==== Available data ====

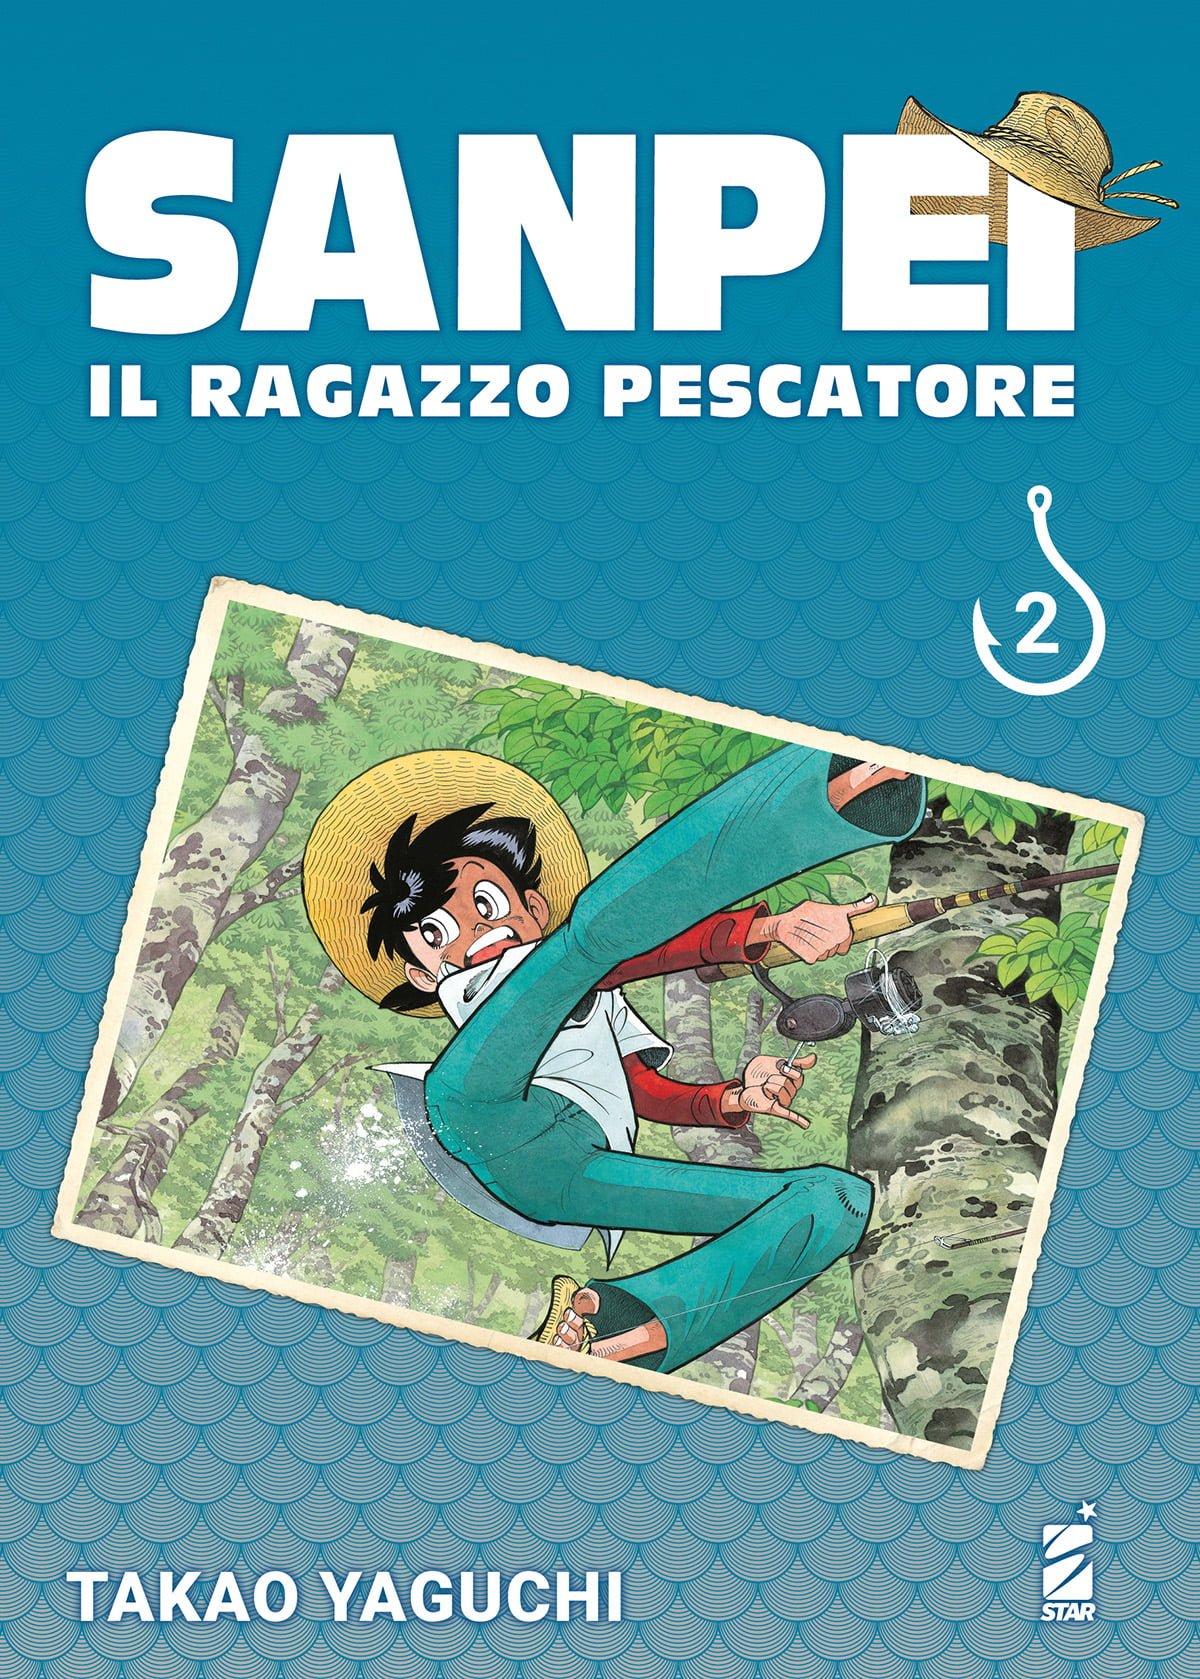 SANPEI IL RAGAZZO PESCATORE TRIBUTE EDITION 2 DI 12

====
==== Available data ====

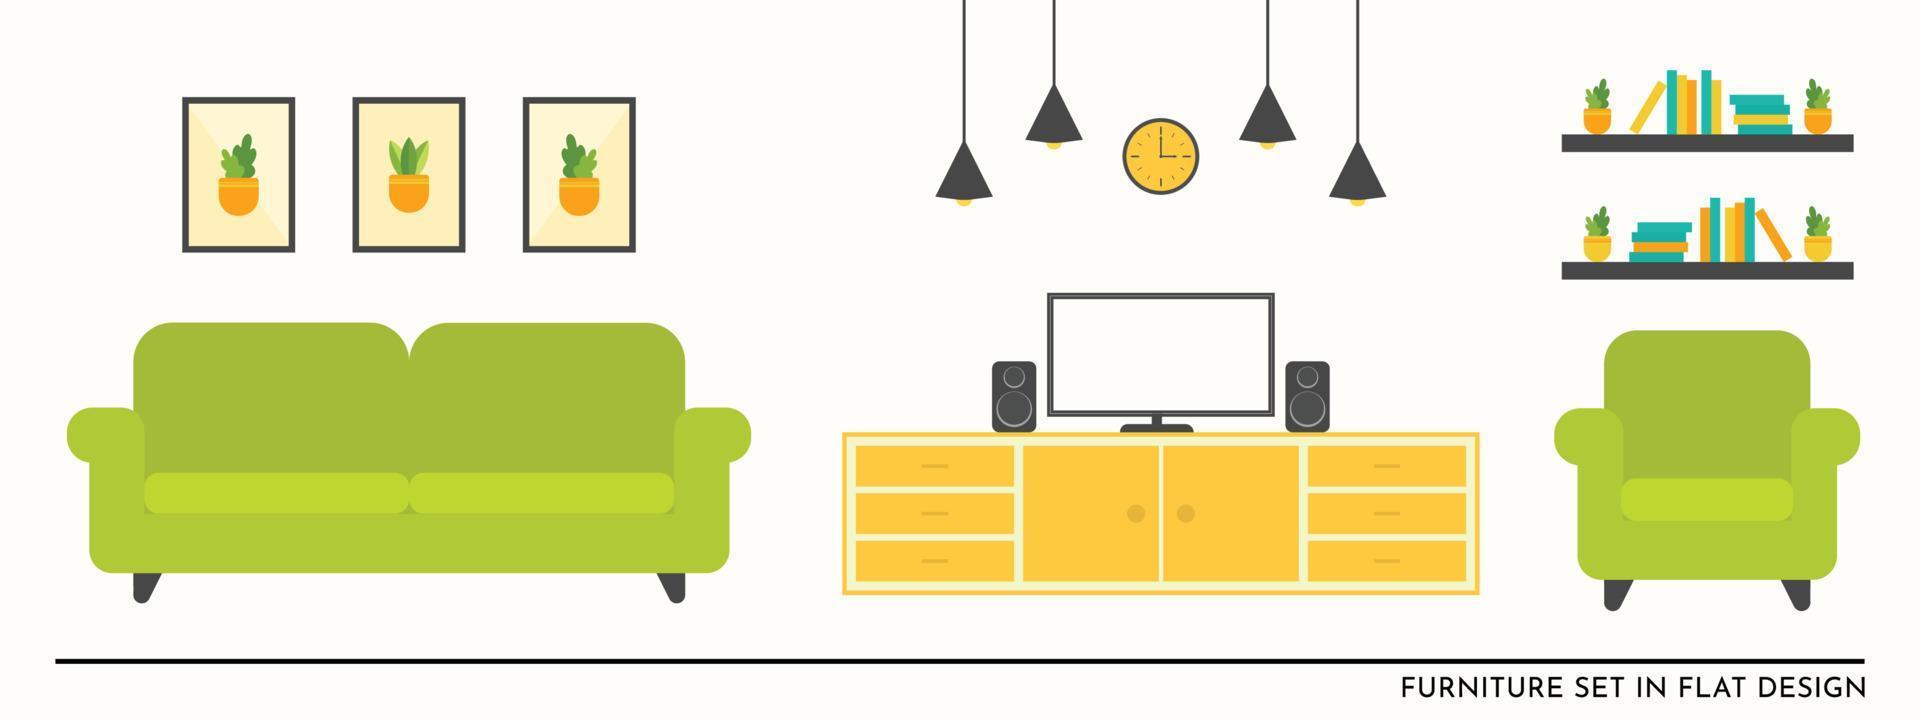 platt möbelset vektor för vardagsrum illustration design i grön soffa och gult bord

====
==== Available data ====

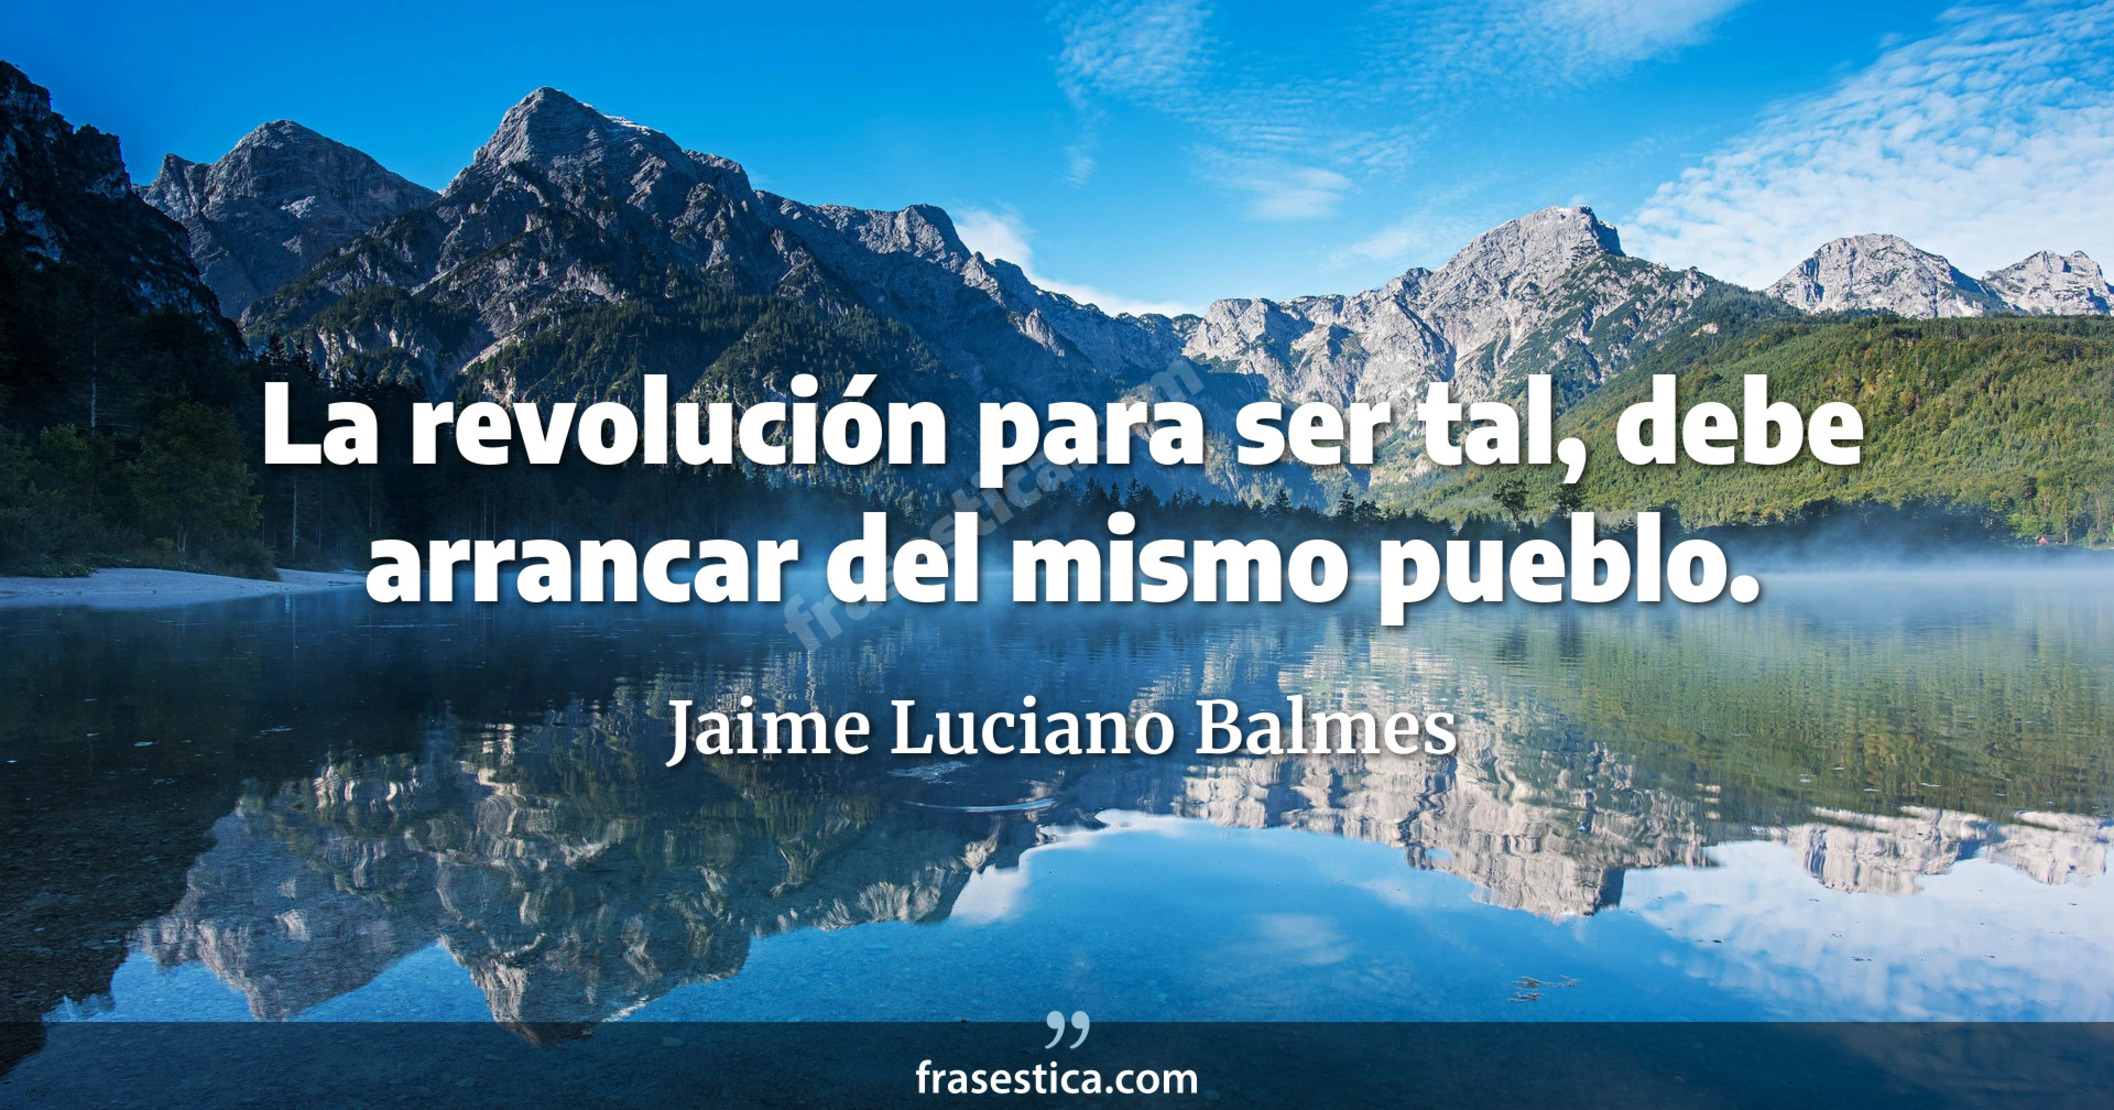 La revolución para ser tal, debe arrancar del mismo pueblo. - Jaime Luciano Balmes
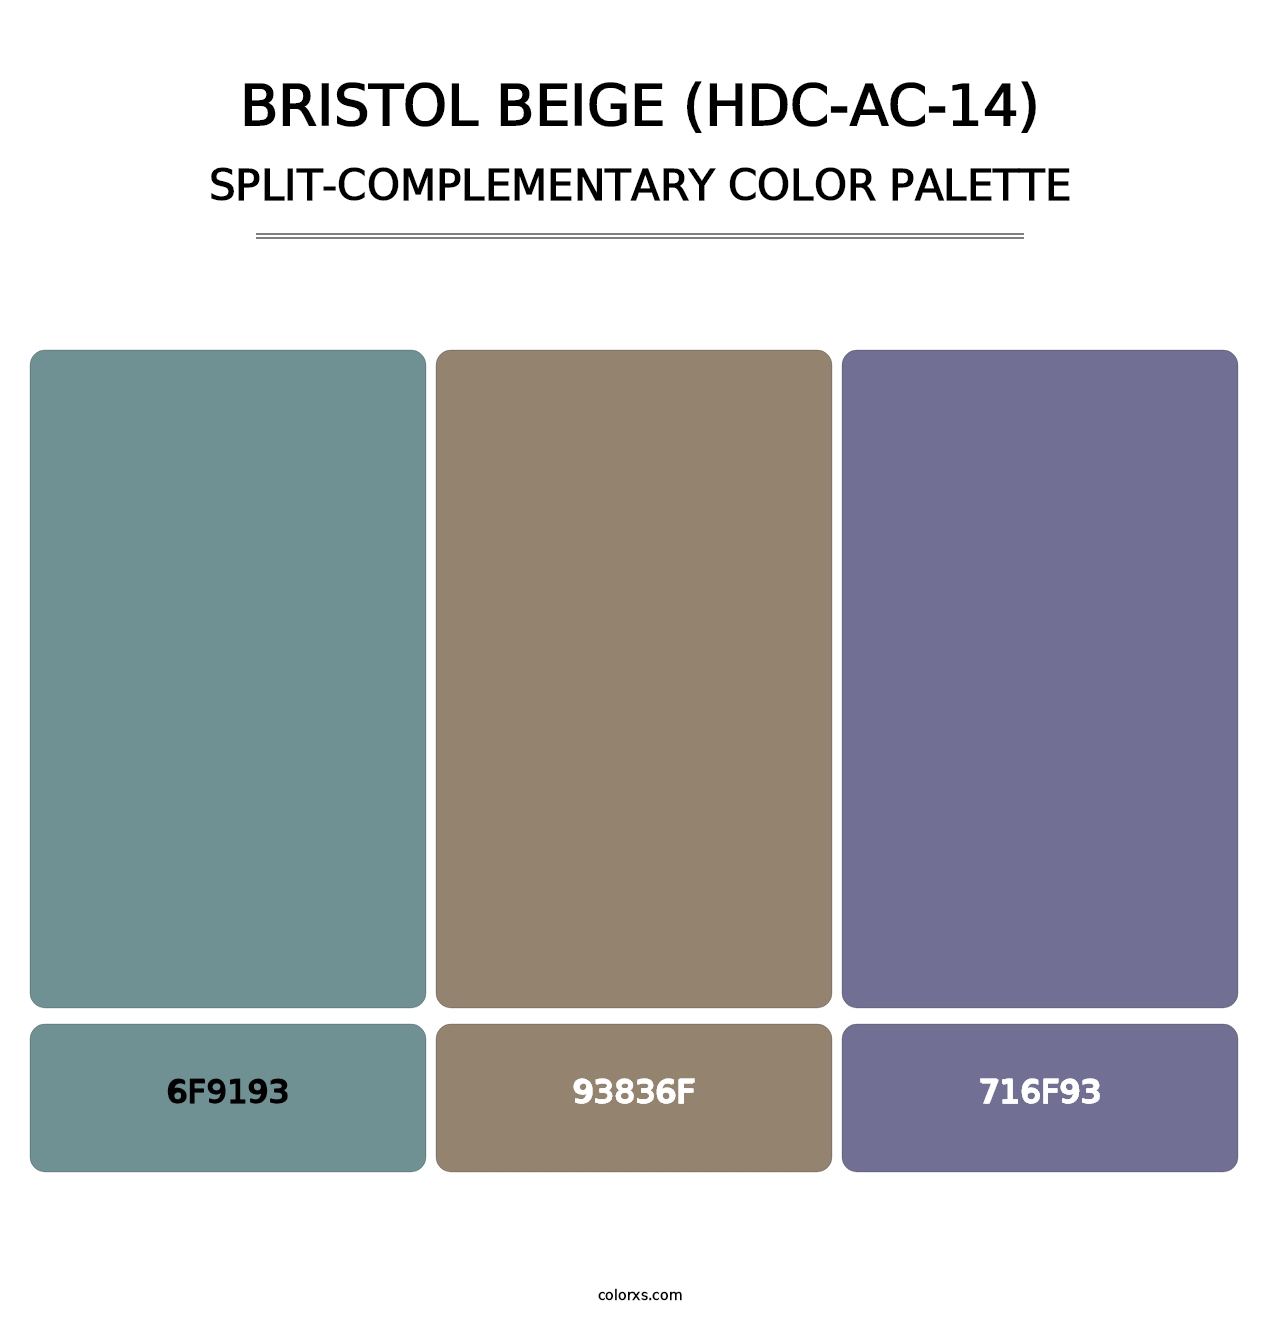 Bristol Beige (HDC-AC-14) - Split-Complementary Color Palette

====

• [Your assignment]:
Starting at the line above that holds "La revolución para", repeat every line exactly down to and including the line that holds "Bristol Beige (HDC-AC-14)", then stop. Do not carry over any pictures.

• [Result for this task]:
 La revolución para ser tal, debe arrancar del mismo pueblo. - Jaime Luciano Balmes
 Bristol Beige (HDC-AC-14) - Split-Complementary Color Palette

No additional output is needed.